Exercise brief: Copy nothing from the entries below except the lines from the one containing "8441. Limone, Lake" through the one containing "L'epee window", and copy those exactly.

Data records:
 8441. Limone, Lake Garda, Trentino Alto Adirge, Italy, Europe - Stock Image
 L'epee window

...

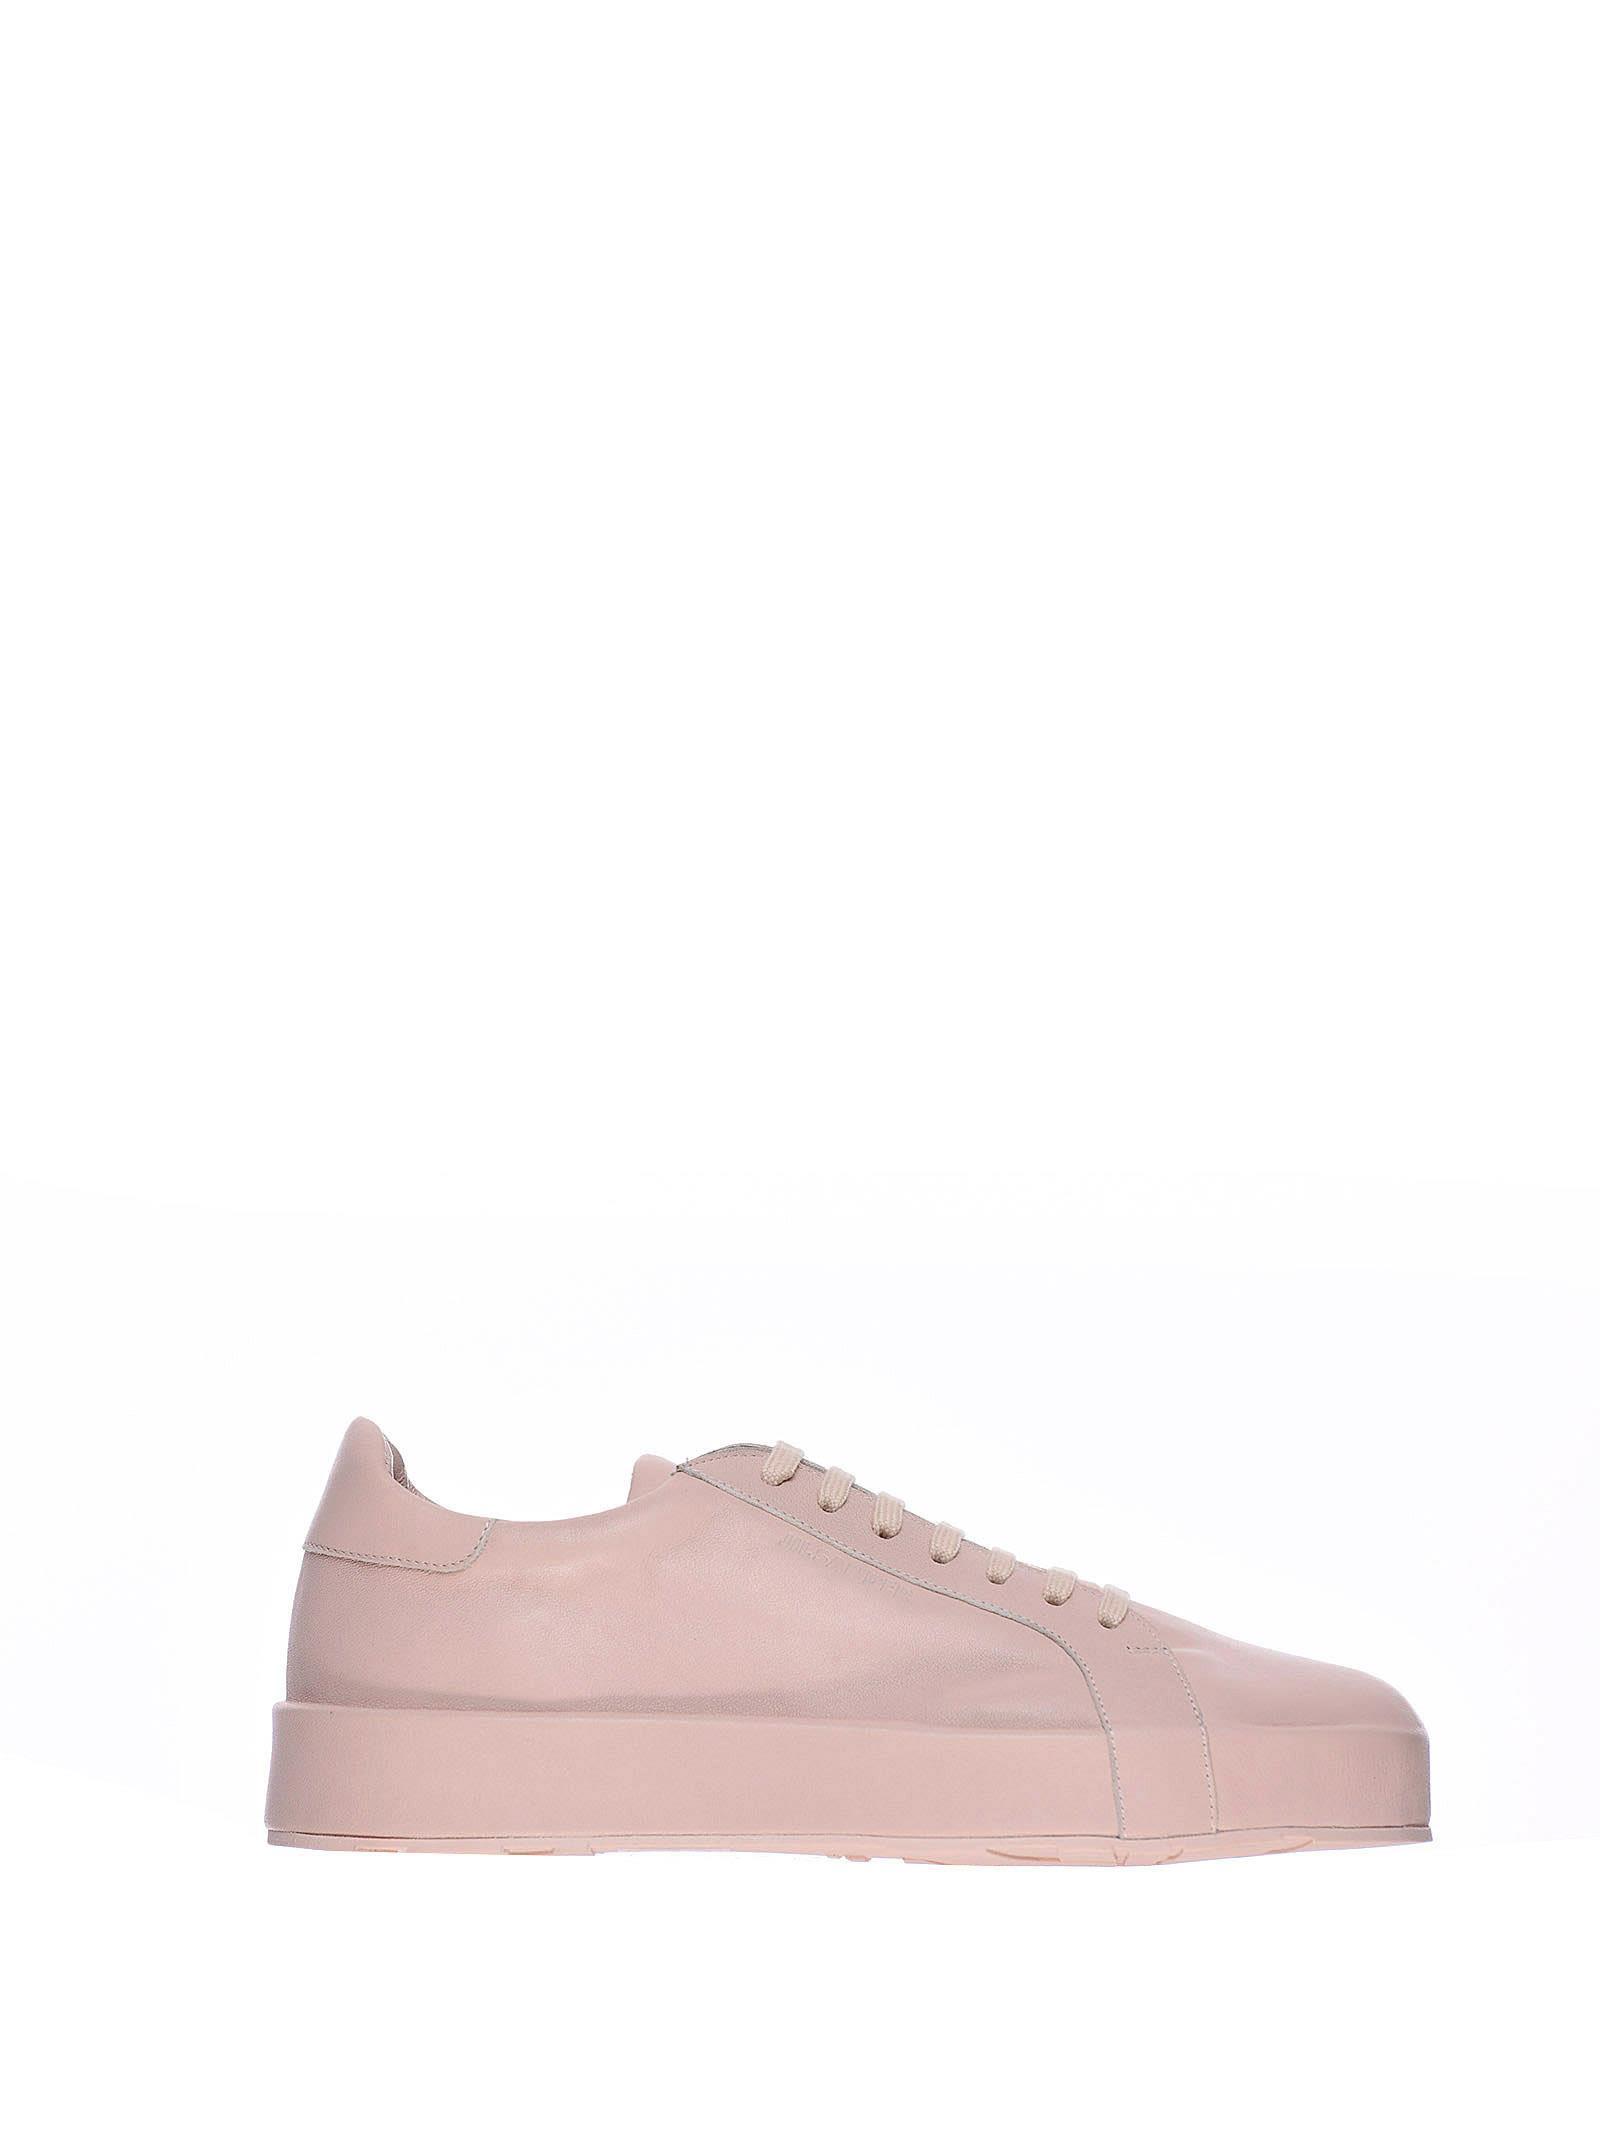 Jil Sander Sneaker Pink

--

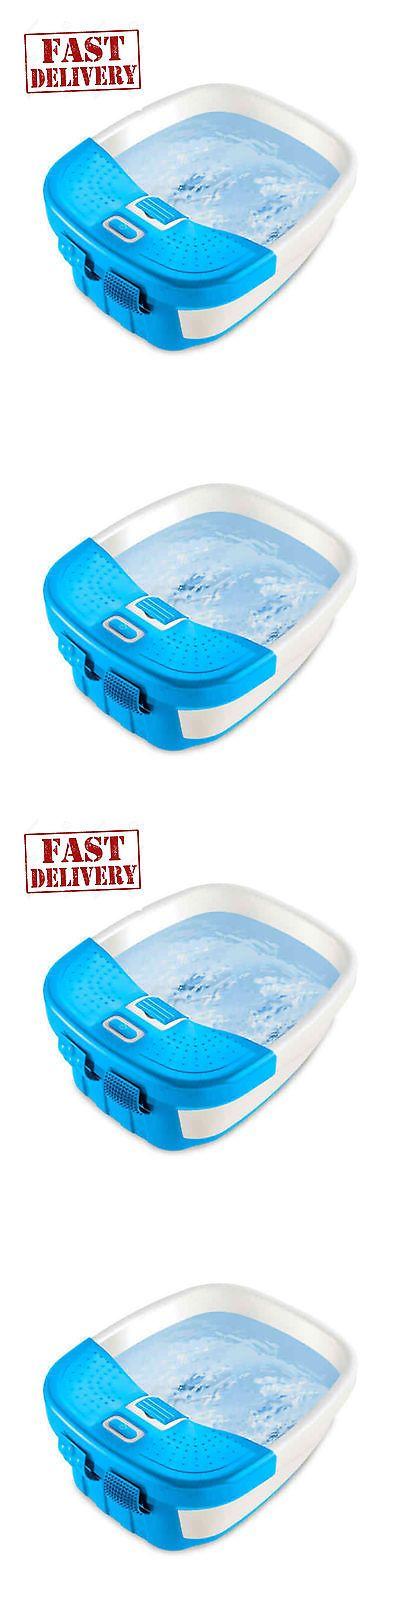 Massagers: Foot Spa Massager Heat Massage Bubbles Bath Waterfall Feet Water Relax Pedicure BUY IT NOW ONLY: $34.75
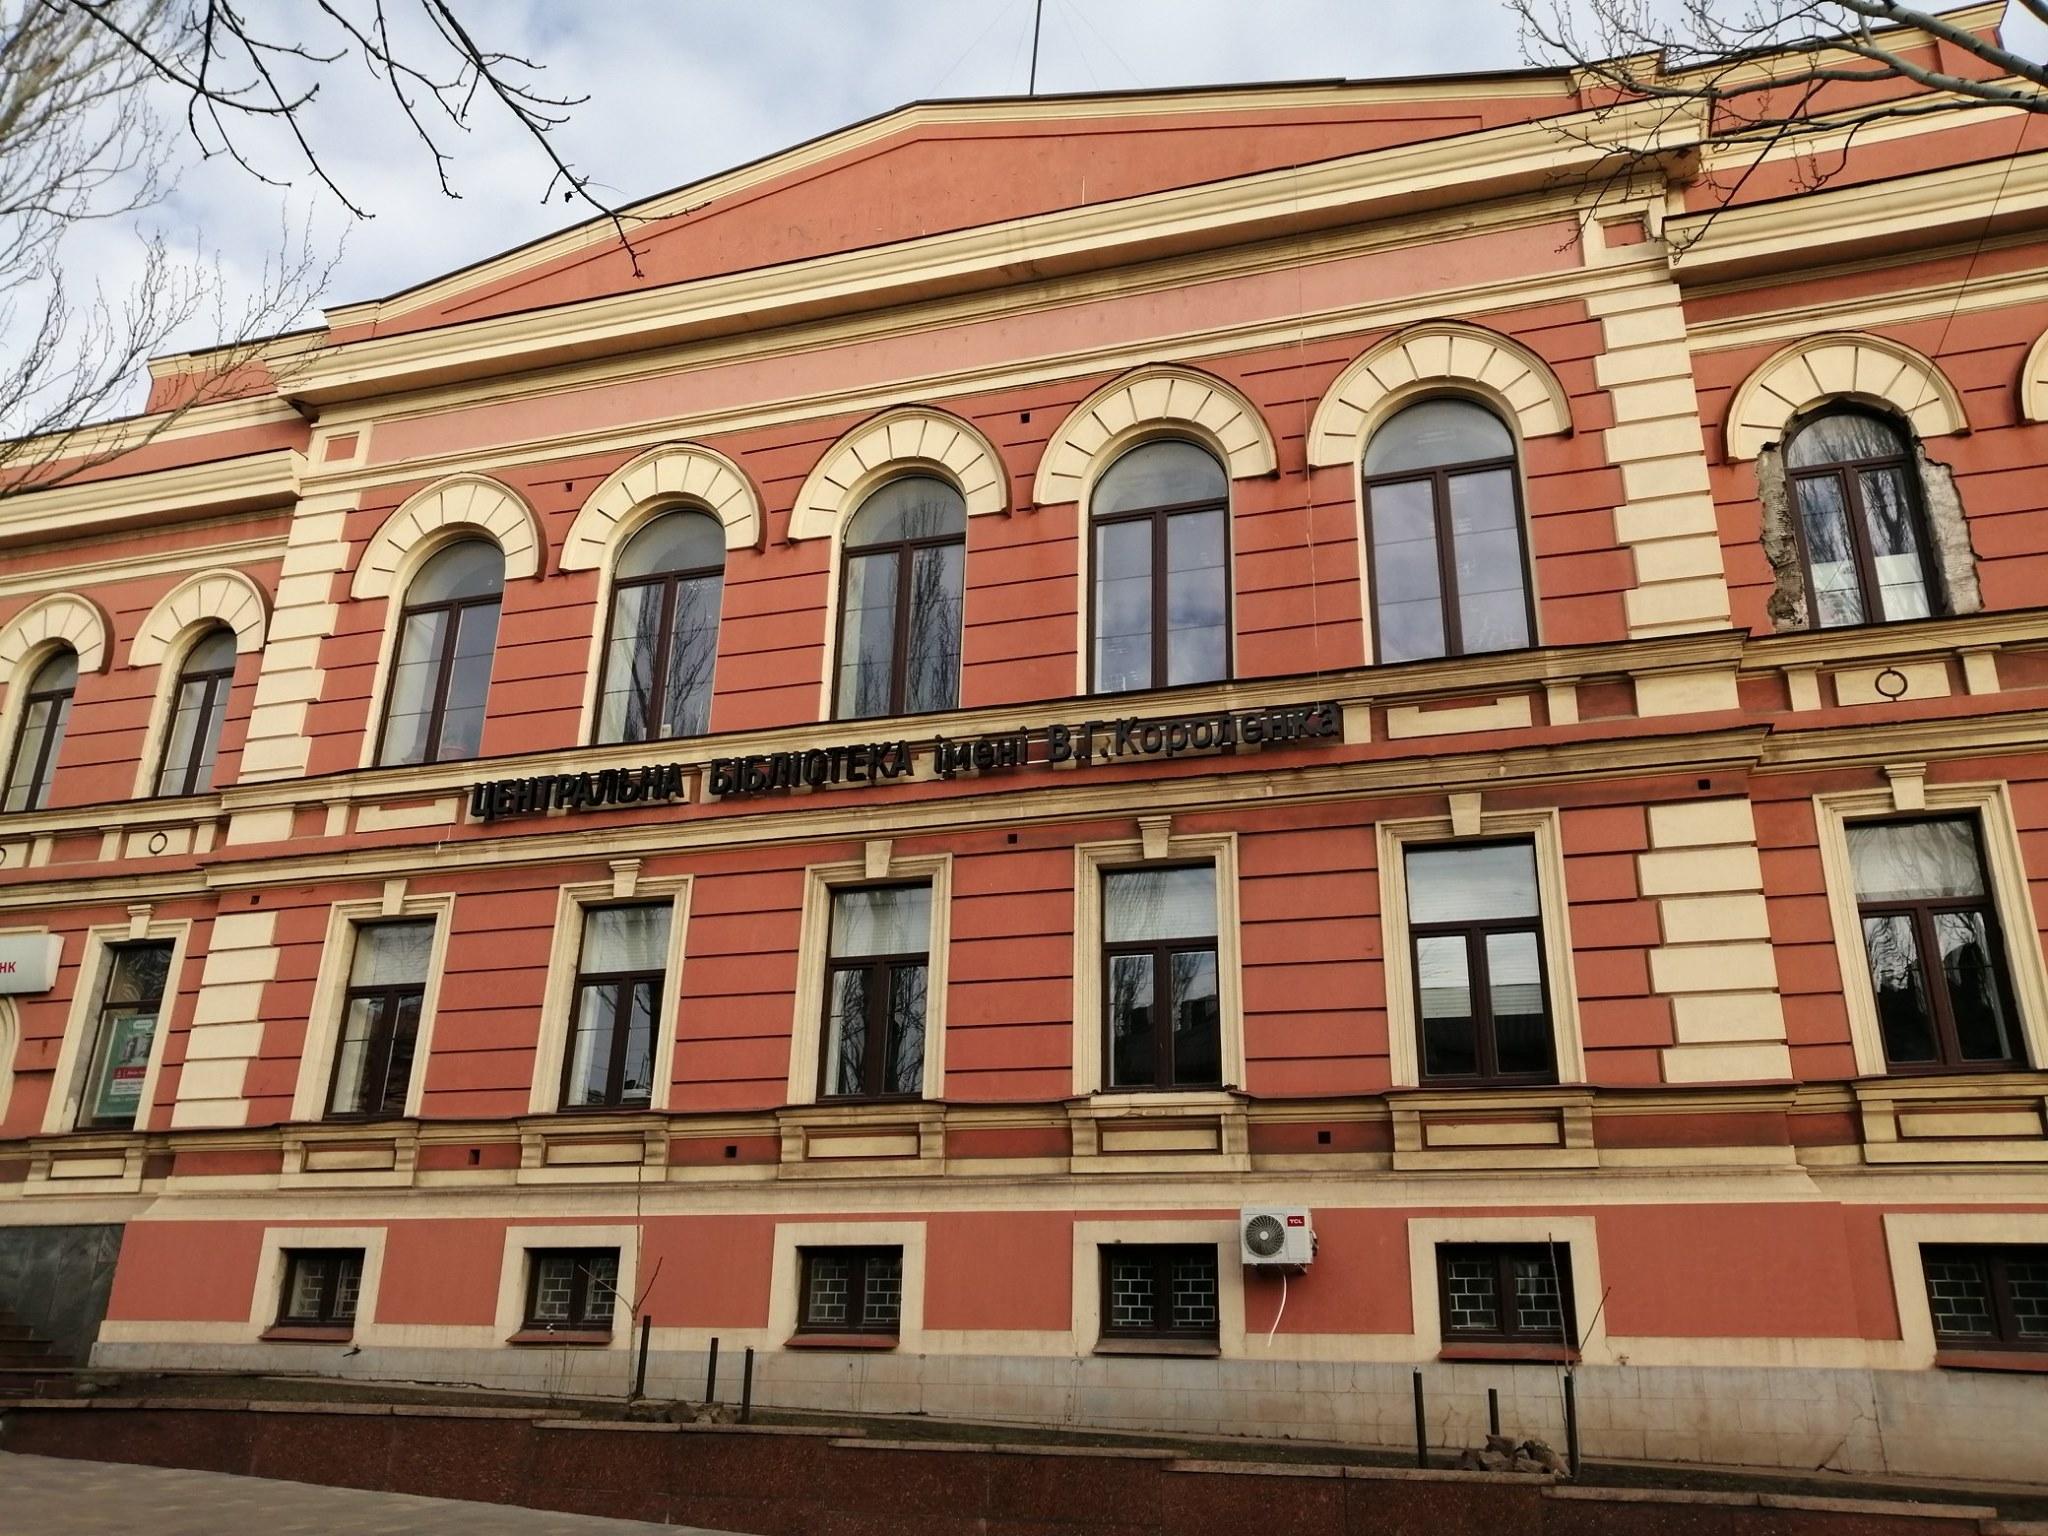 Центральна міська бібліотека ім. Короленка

Output for this exercise:
 8441. Limone, Lake Garda, Trentino Alto Adirge, Italy, Europe - Stock Image
 L'epee window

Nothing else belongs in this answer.